*Work task:* Only the pictures are to be left out; the listing itself is repeated exactly.

*Data extract:*

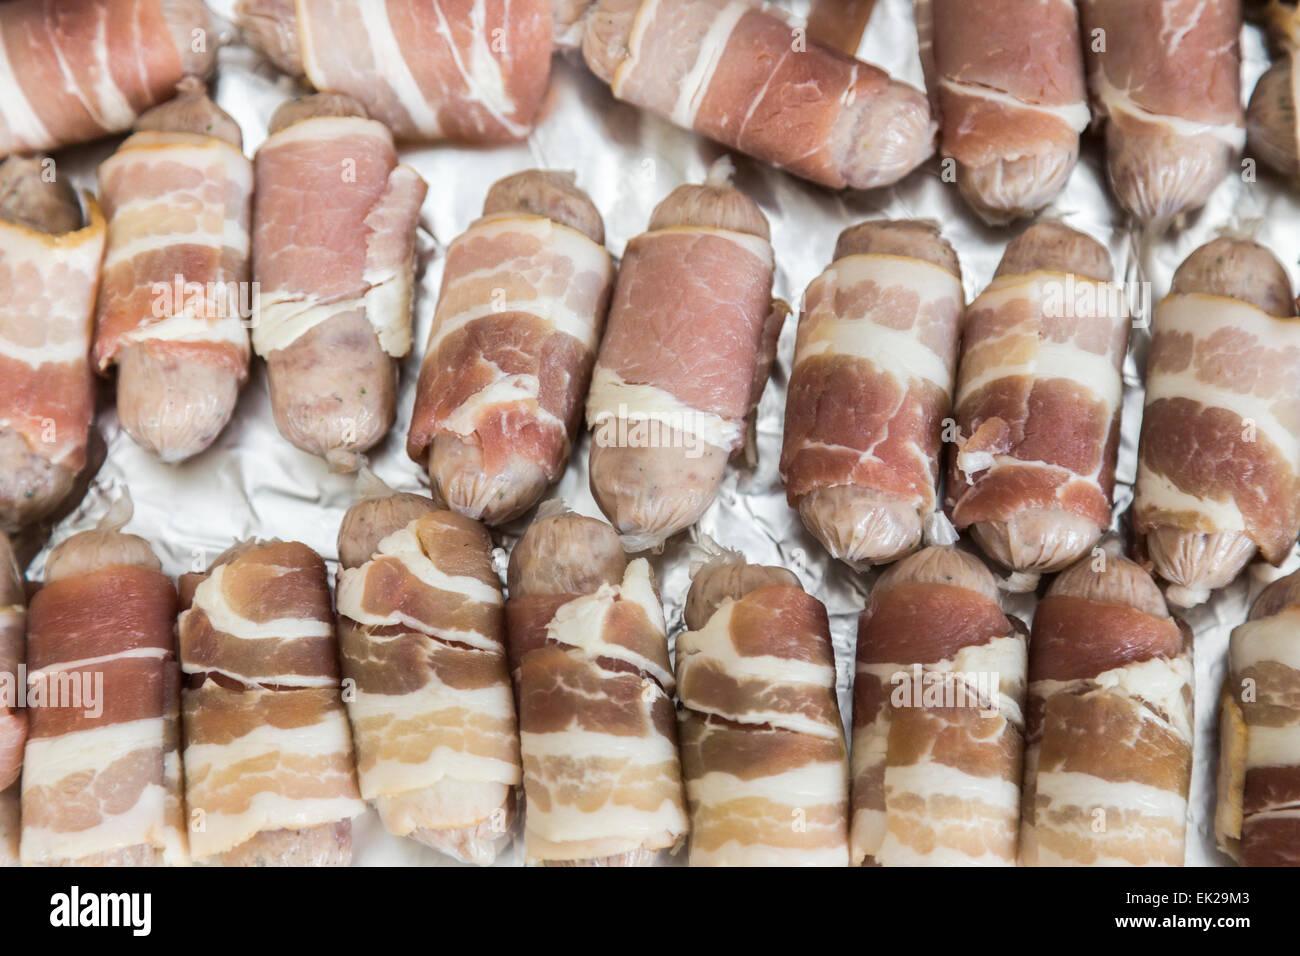 Le bac intérieur en aluminium avec saucisses crues enrobé de bacon (porcs dans des couvertures) prête pour la cuisson, Banque D'Images
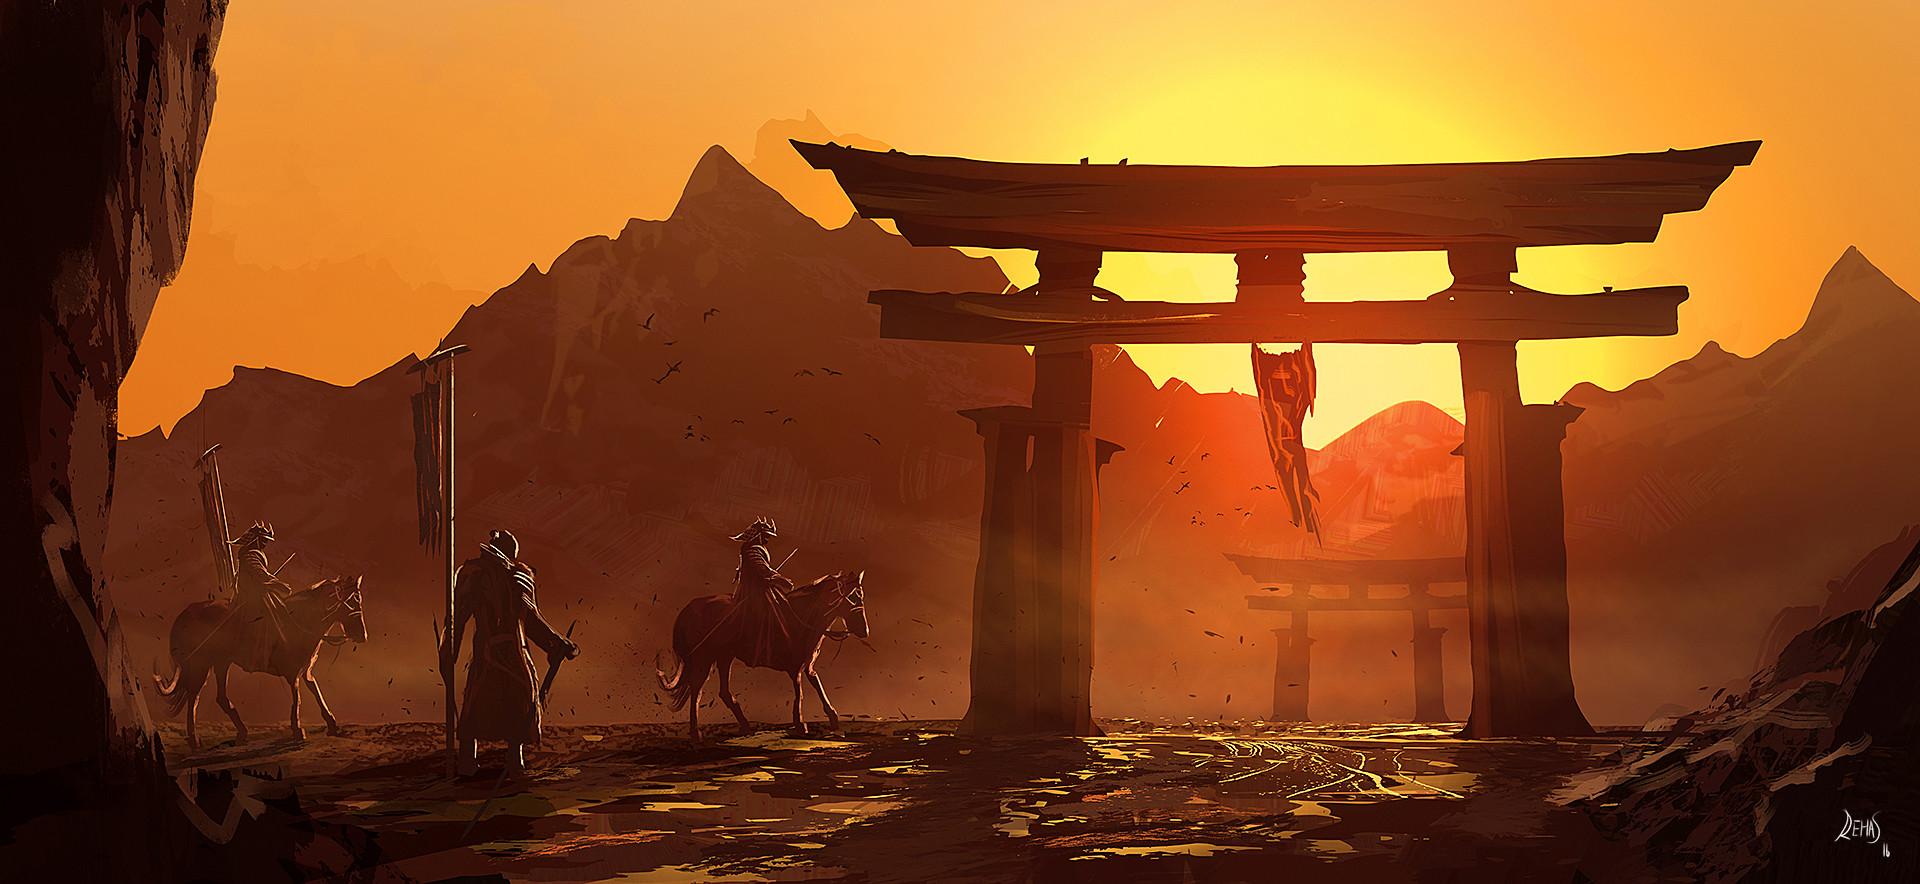 Reha sakar mounted samurai 1080
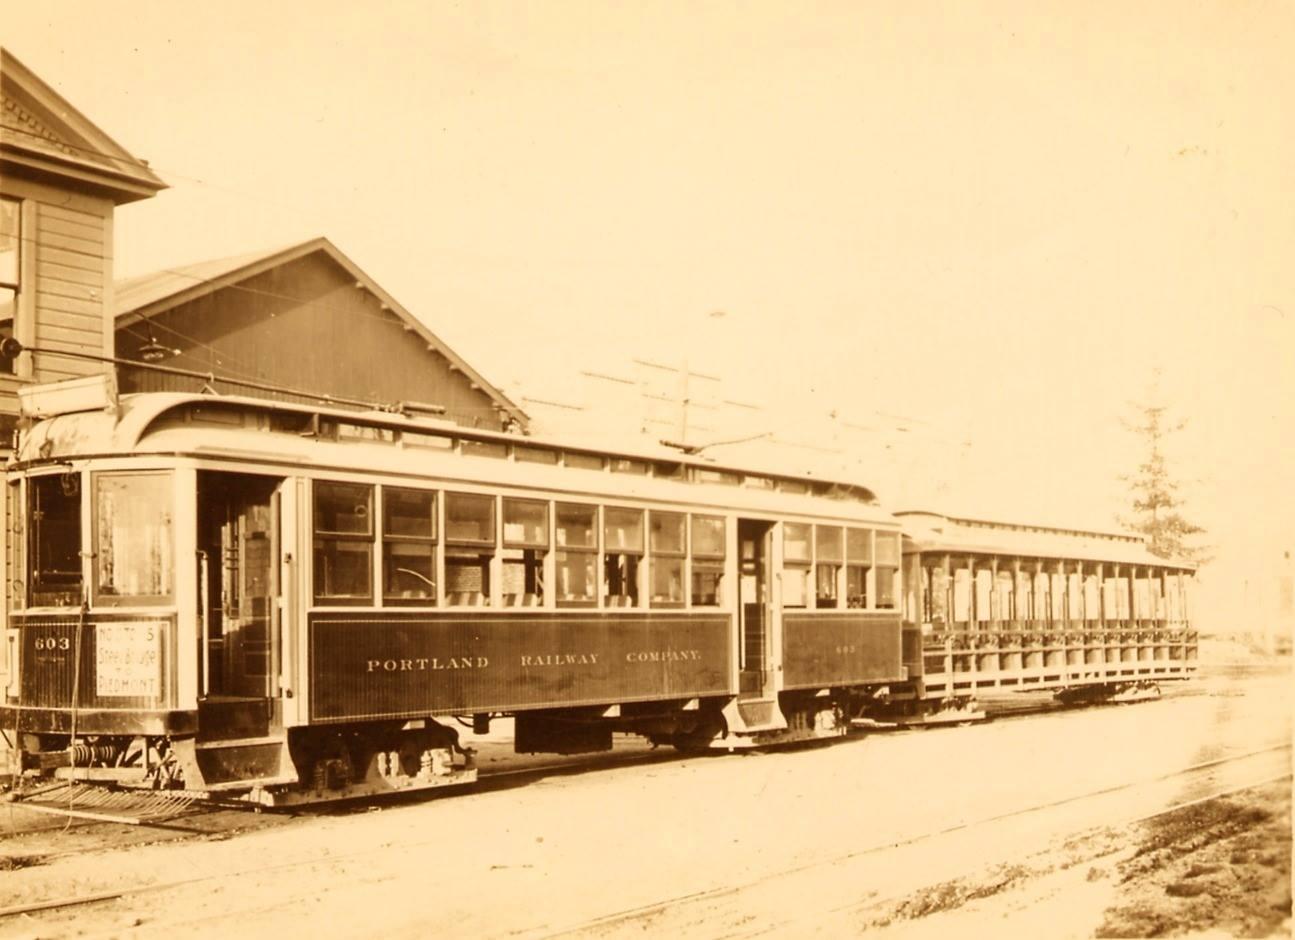 Car 603 portland railway co.

*Problem solution:*
 Le bac intérieur en aluminium avec saucisses crues enrobé de bacon (porcs dans des couvertures) prête pour la cuisson, Banque D'Images
 Reha sakar mounted samurai 1080
 Car 603 portland railway co.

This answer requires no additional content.